BEGIN DATASET EXTRACT
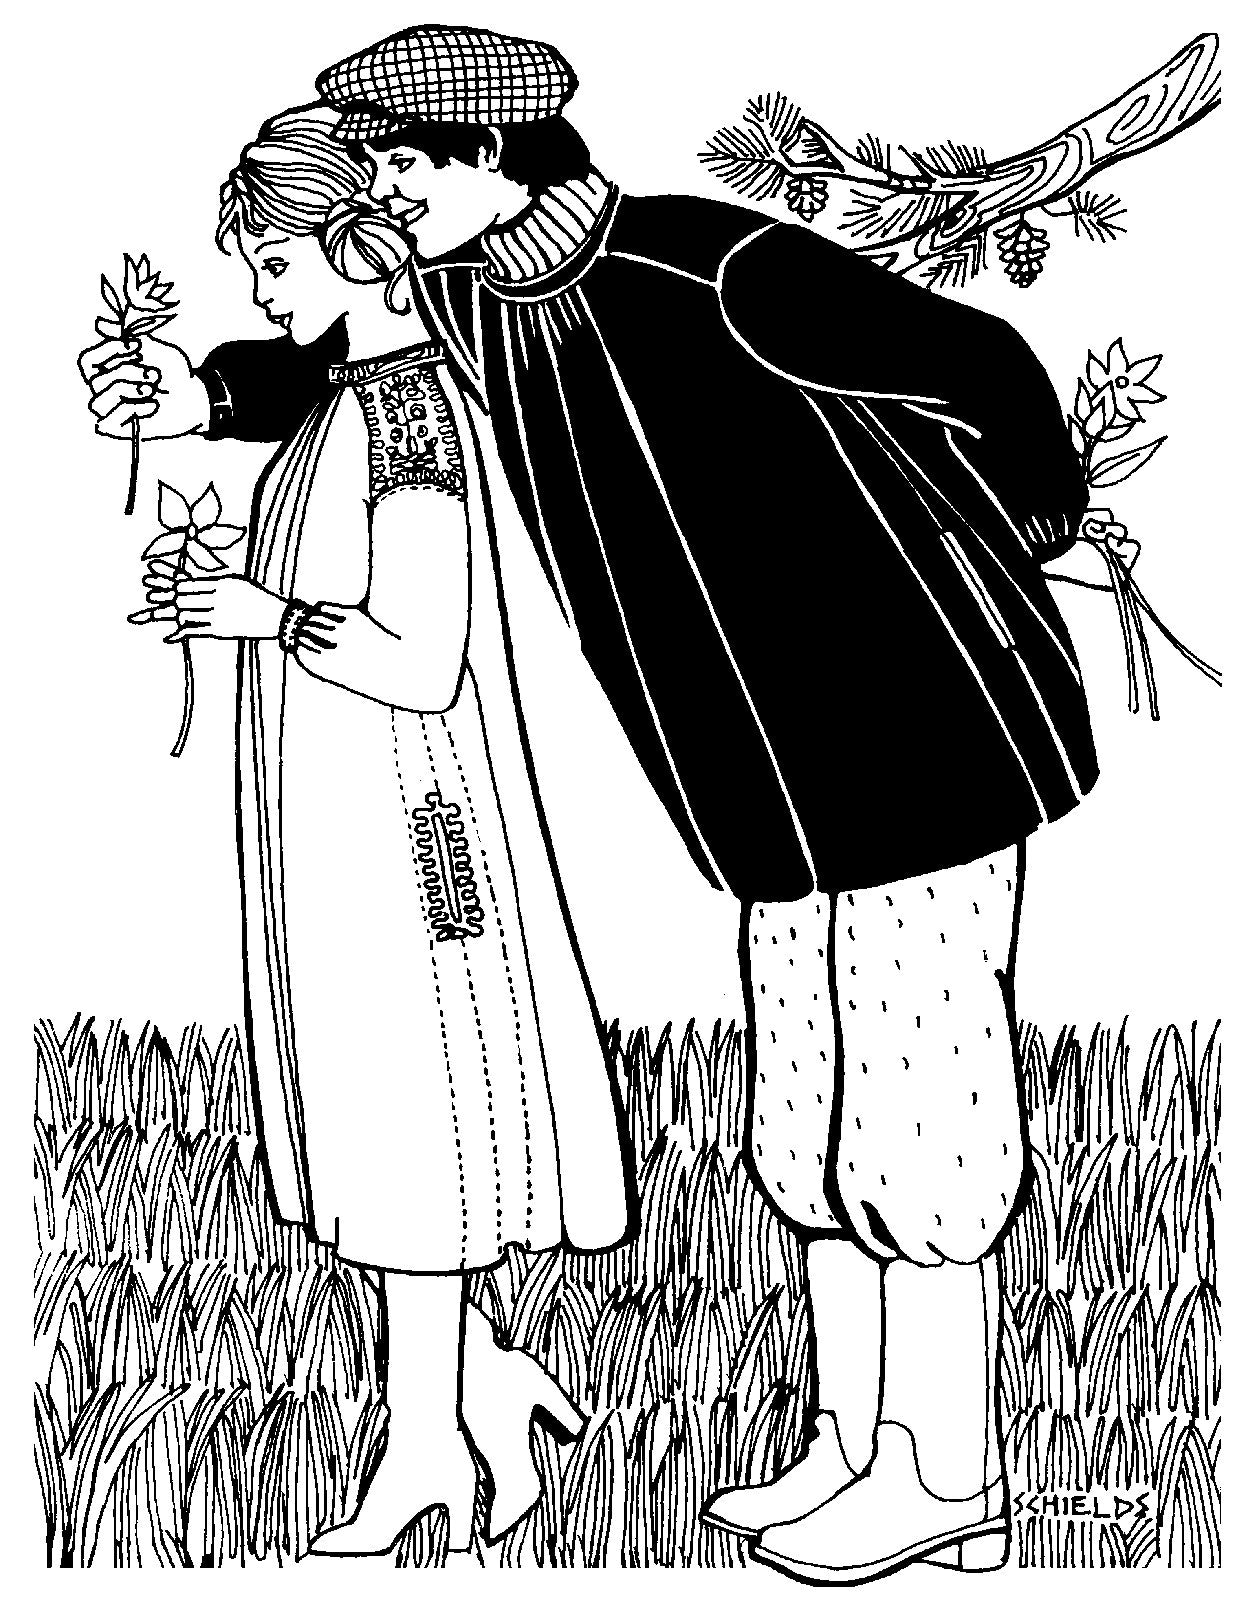 Black and white pen and ink drawing by artist Gretchen Shields. A man standing behind a women giver her flowers wearing the 148 Black Forest Smock.
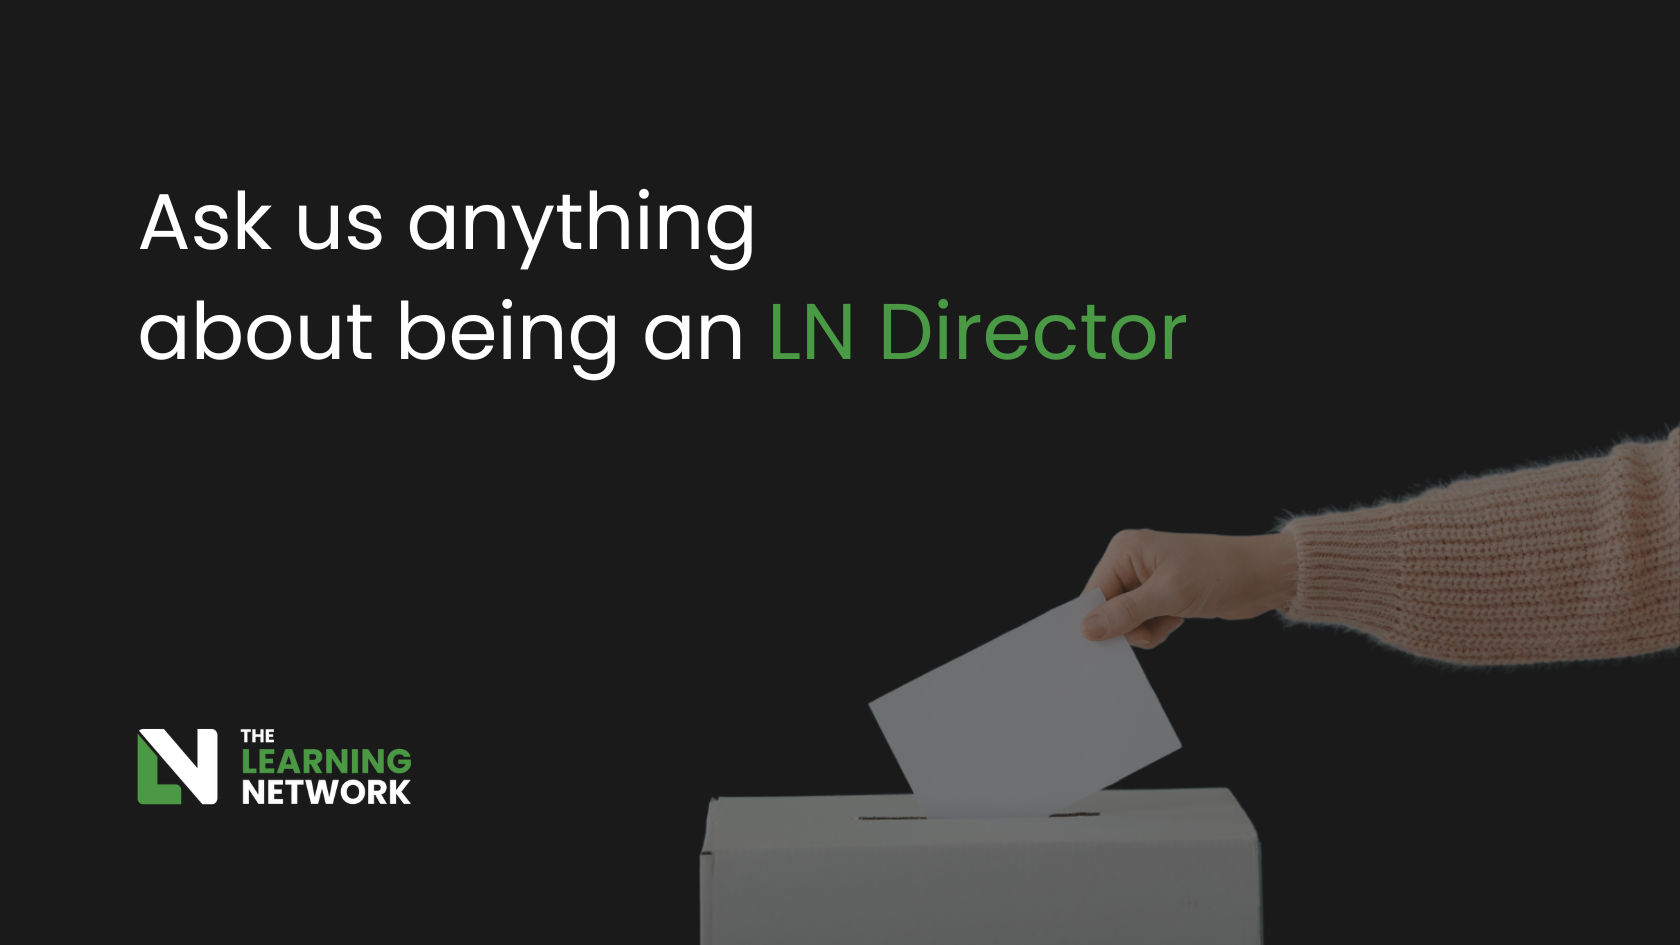 A woman's arm putting a vote in a box, shown against a dark background. Over which is written: ask us anything about being an LN Director.
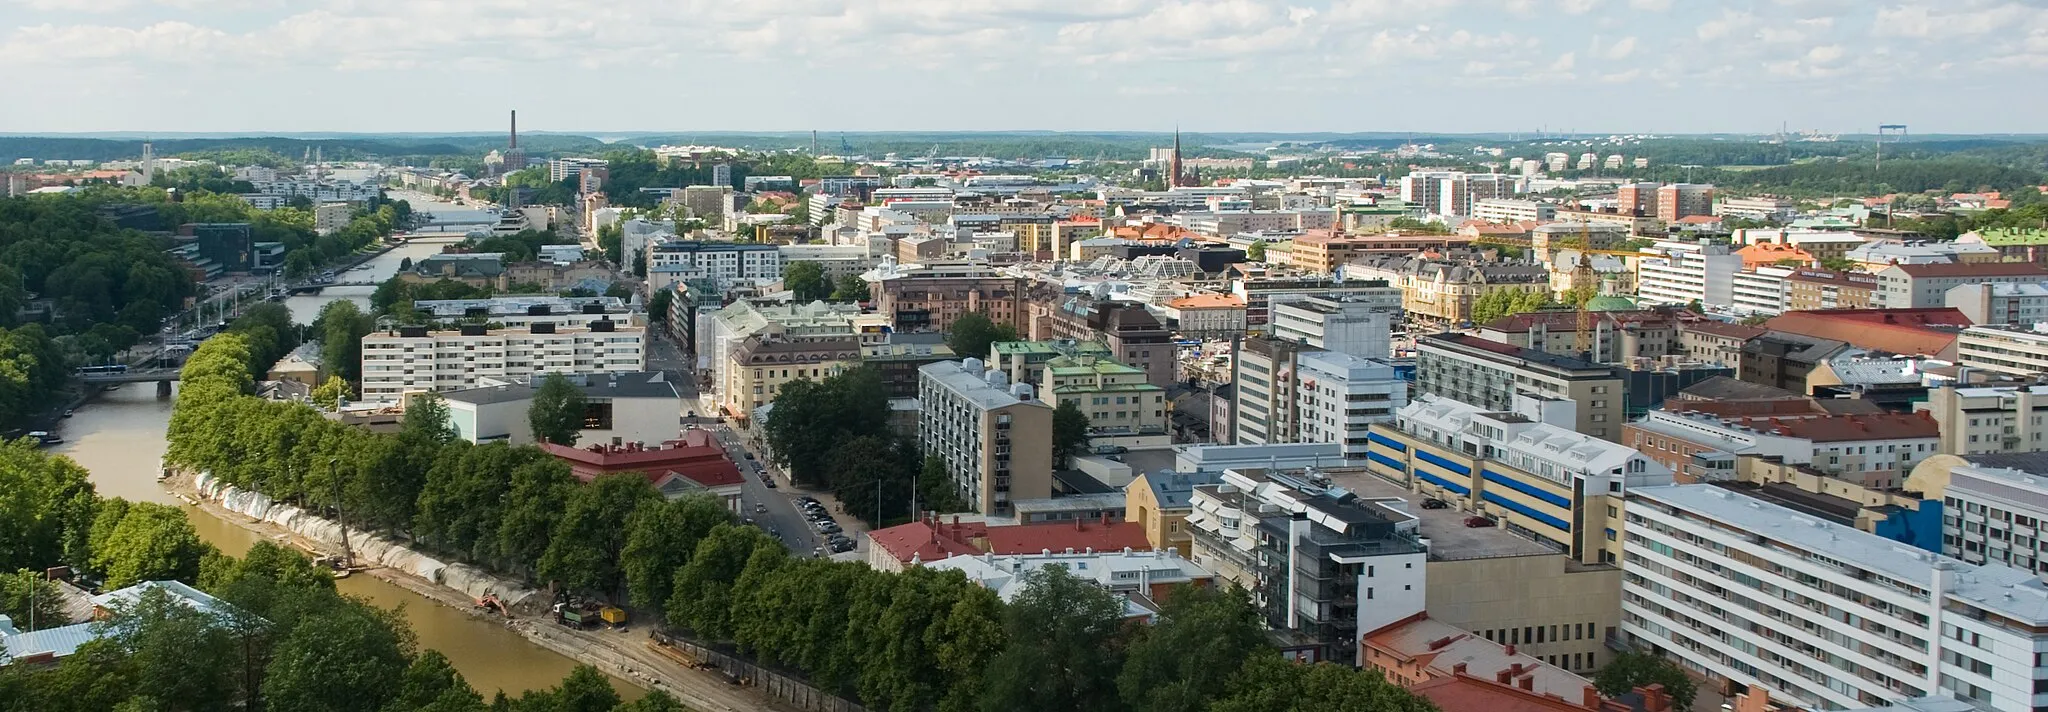 Photo showing: Turku as seen from the tower of Turku Cathedral. The photo mimics another photo taken in late 19th century.
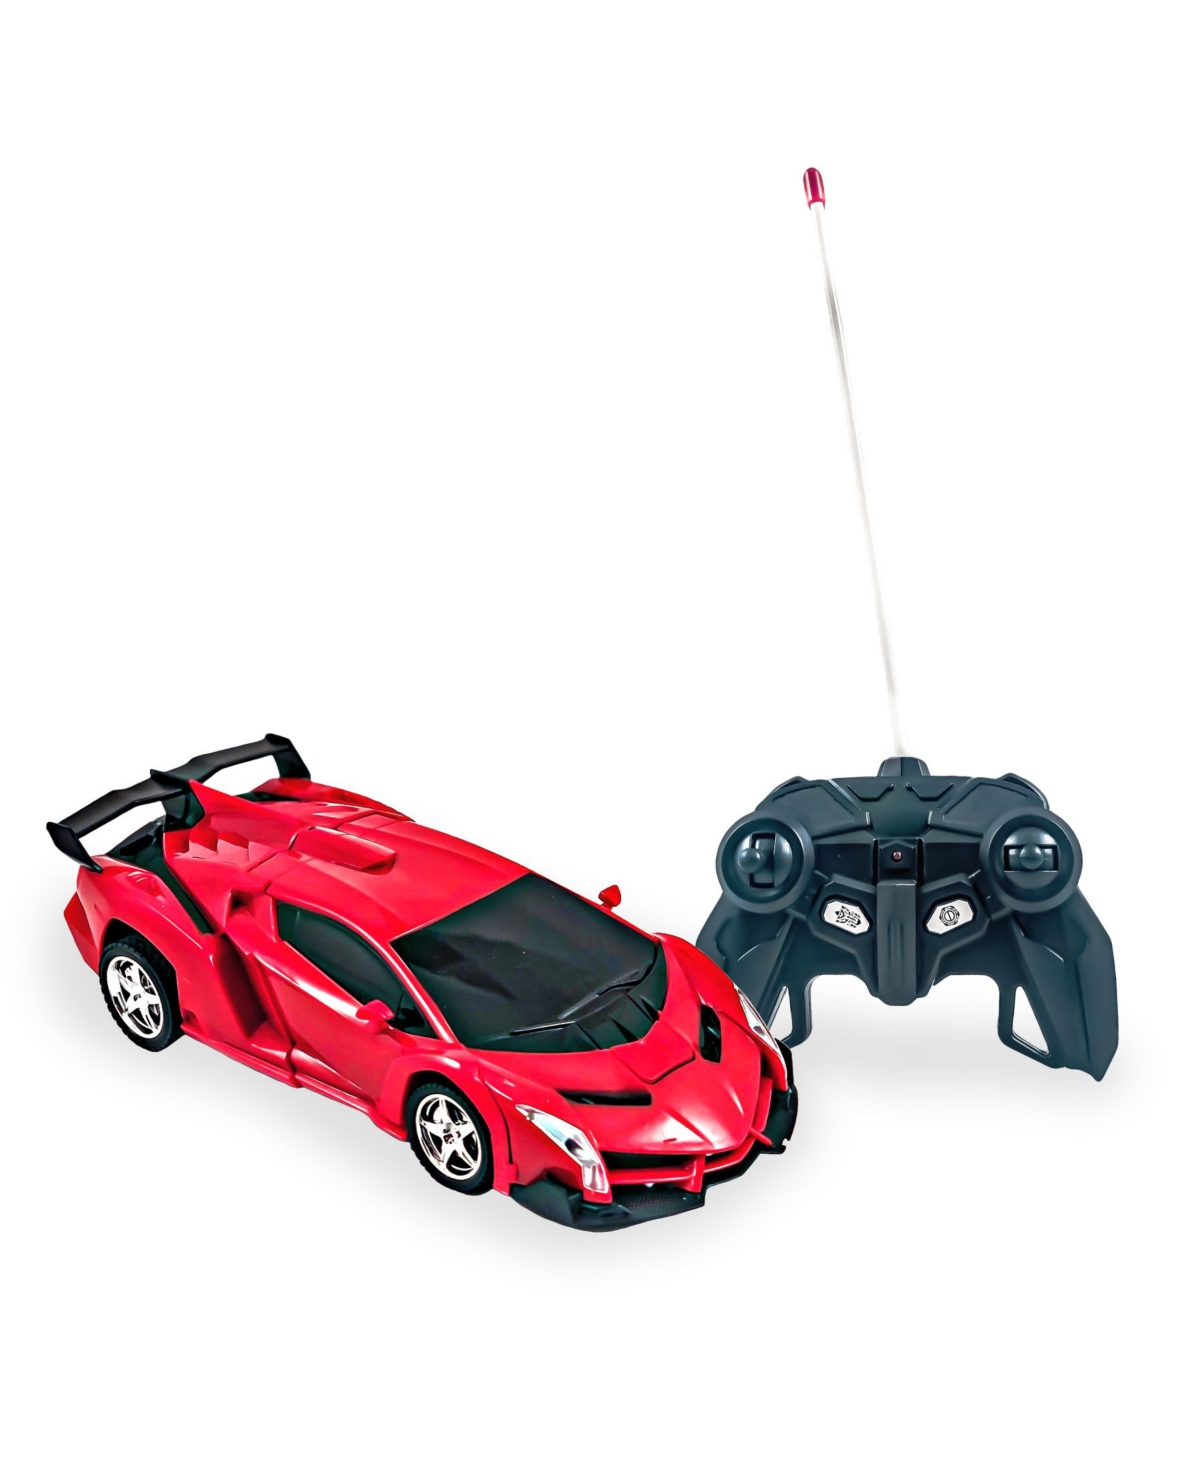 Flipo Automotion Shape-shifting Robot R/c Car In Red
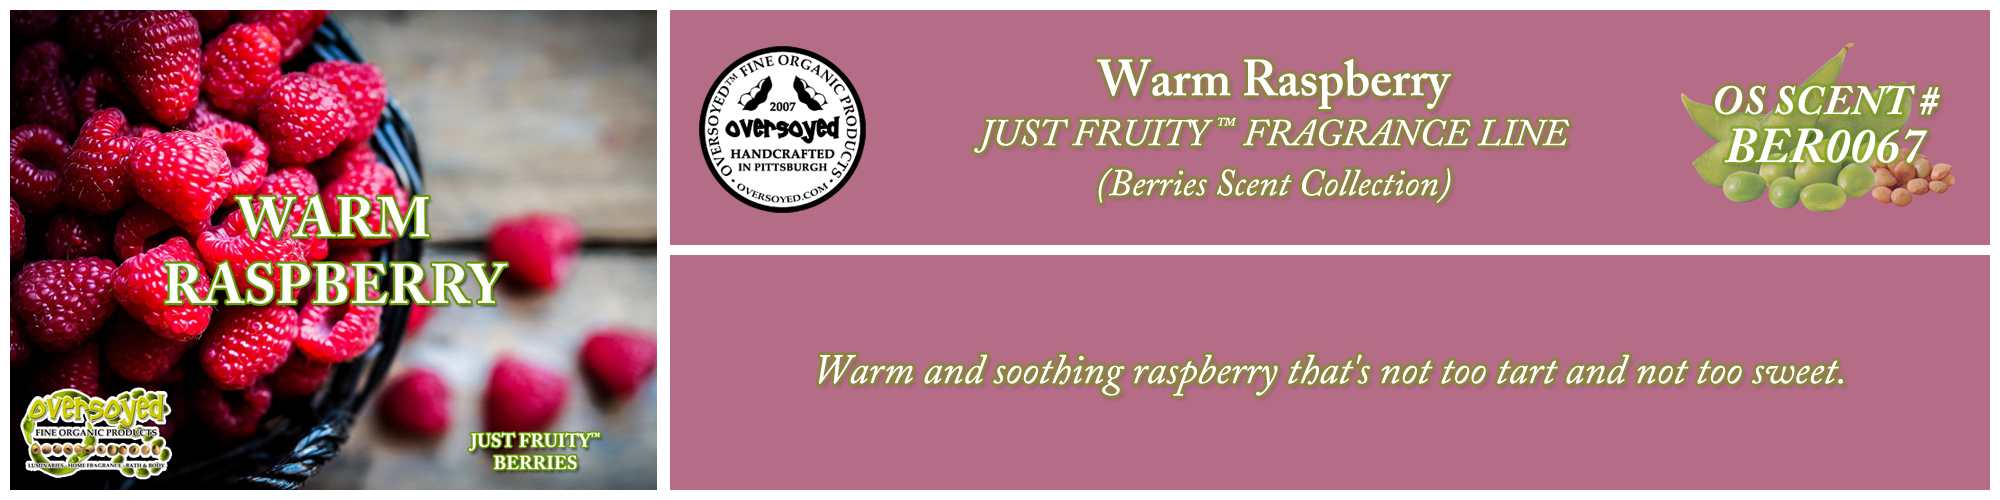 Warm Raspberry Handcrafted Products Collection
END DATASET EXTRACT
### WORK TO BE COMPLETED
Give the data above again in full and unchanged, skipping the pictures.

### SOLUTION TO THE EXERCISE
 Black and white pen and ink drawing by artist Gretchen Shields. A man standing behind a women giver her flowers wearing the 148 Black Forest Smock.
 A woman's arm putting a vote in a box, shown against a dark background. Over which is written: ask us anything about being an LN Director.
 Photo showing: Turku as seen from the tower of Turku Cathedral. The photo mimics another photo taken in late 19th century.
 Flipo Automotion Shape-shifting Robot R/c Car In Red
 Warm Raspberry Handcrafted Products Collection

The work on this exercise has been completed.